Problem statement
Restate the listing below word for word; no pictures belong in the copy.

**** Available data

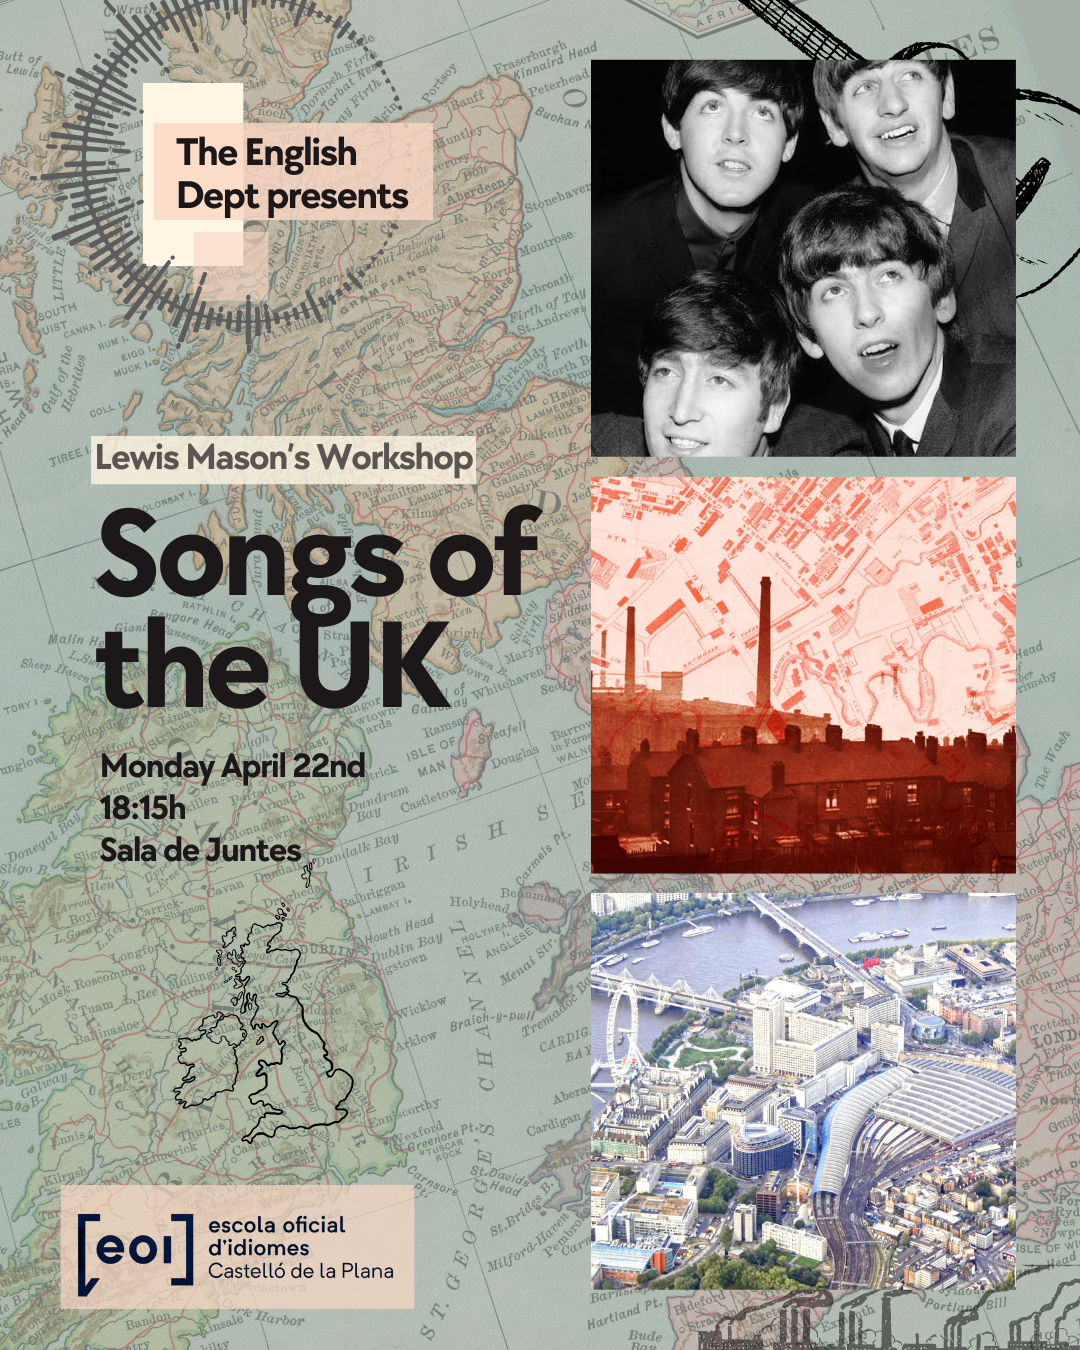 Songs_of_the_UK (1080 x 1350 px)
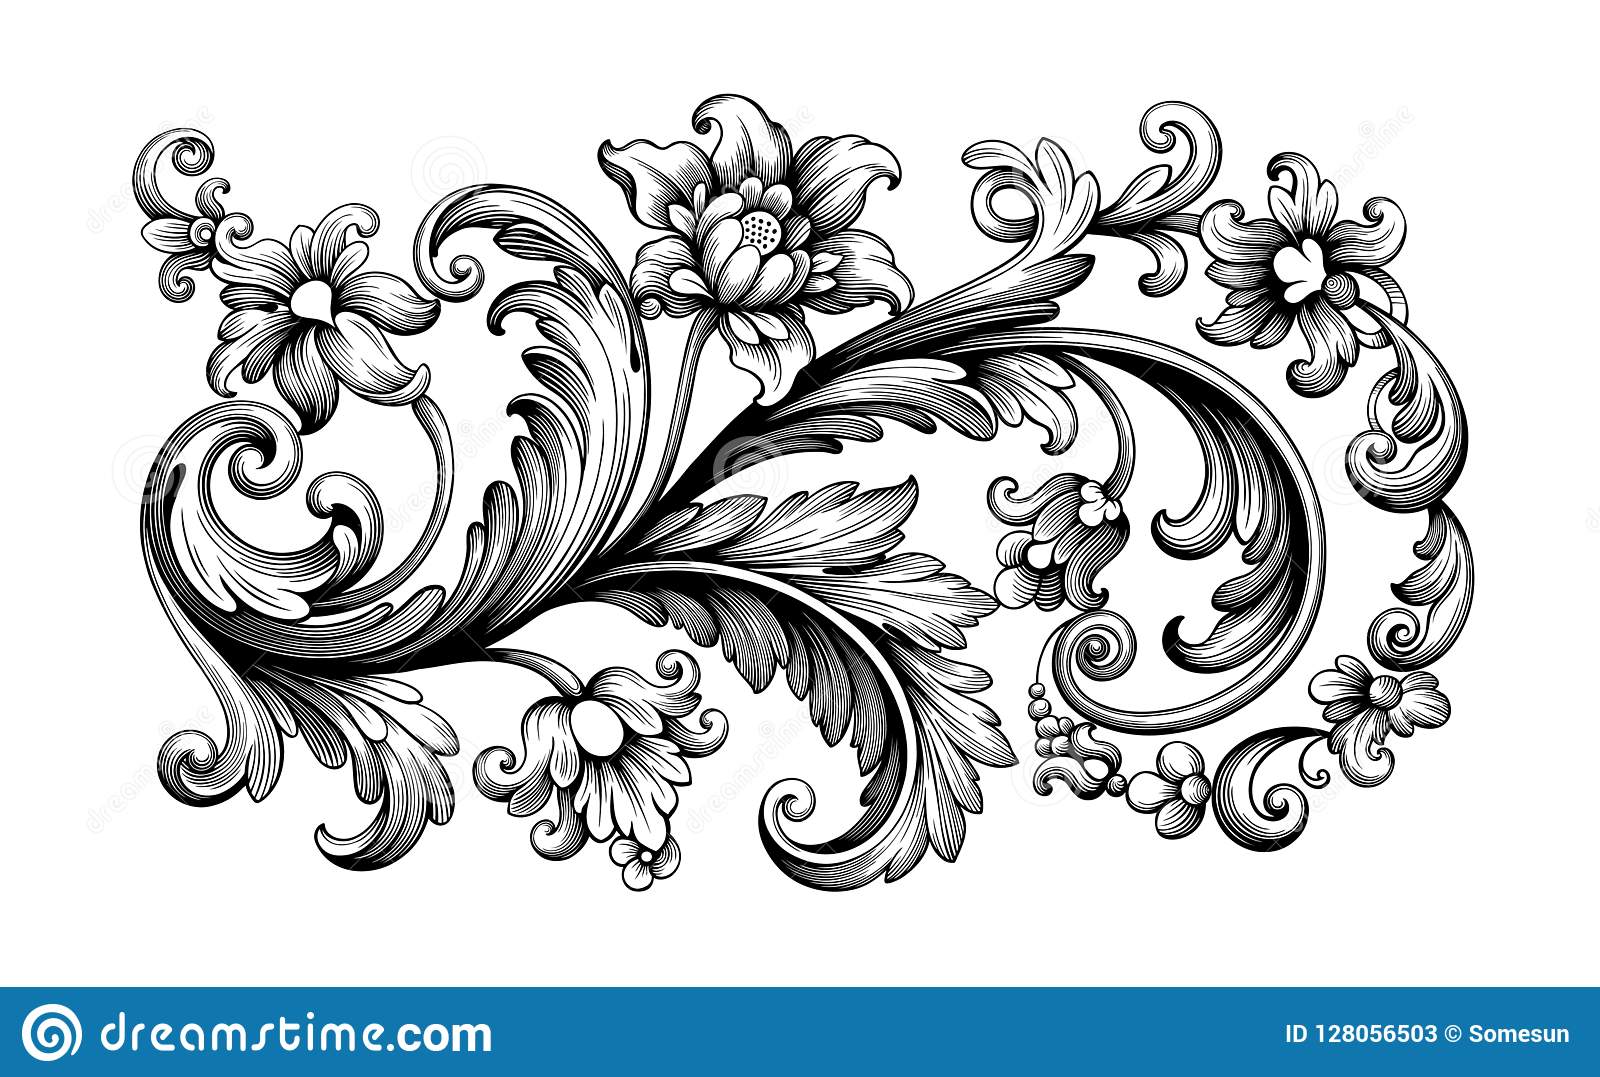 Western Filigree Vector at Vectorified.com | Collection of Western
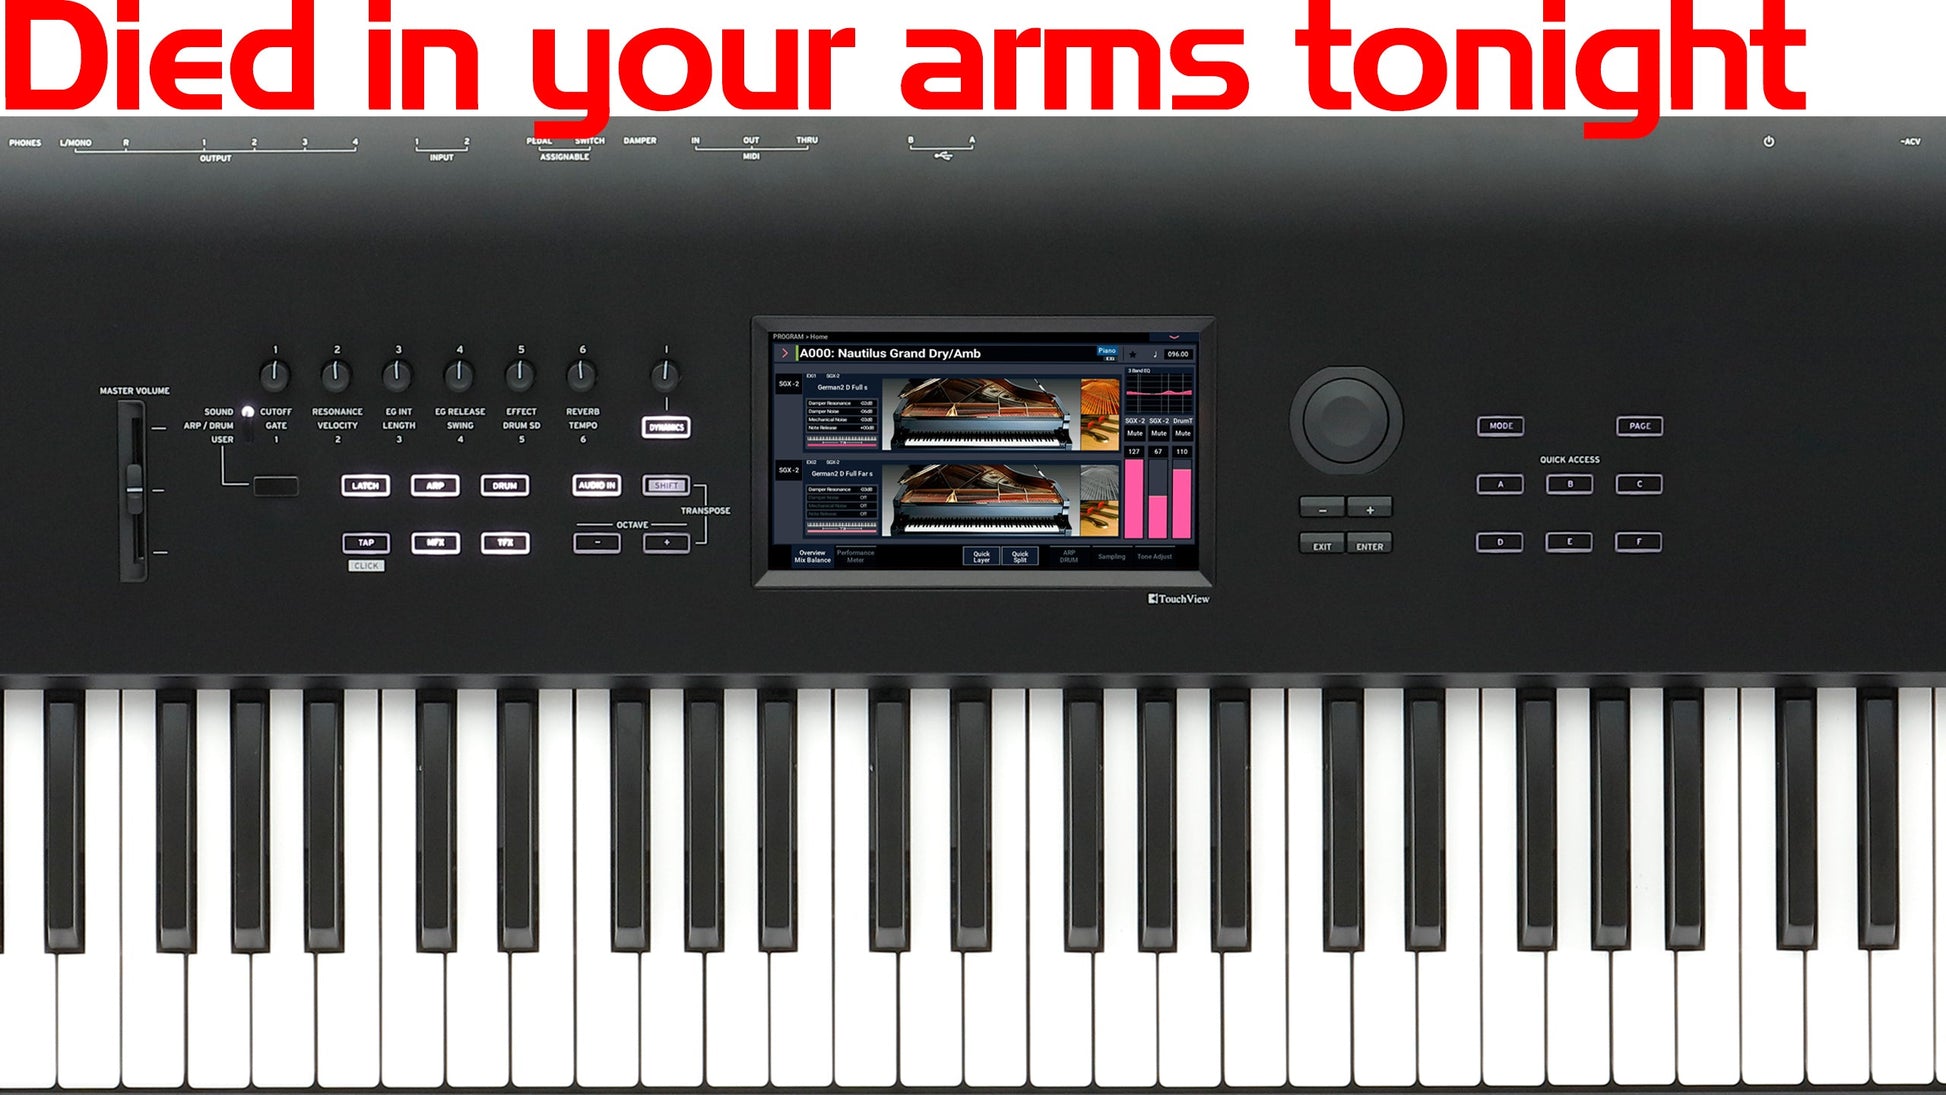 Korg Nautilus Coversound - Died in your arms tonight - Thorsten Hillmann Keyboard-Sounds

********

Result of this task
 Songs_of_the_UK (1080 x 1350 px)
 Western Filigree Vector at Vectorified.com | Collection of Western
 Korg Nautilus Coversound - Died in your arms tonight - Thorsten Hillmann Keyboard-Sounds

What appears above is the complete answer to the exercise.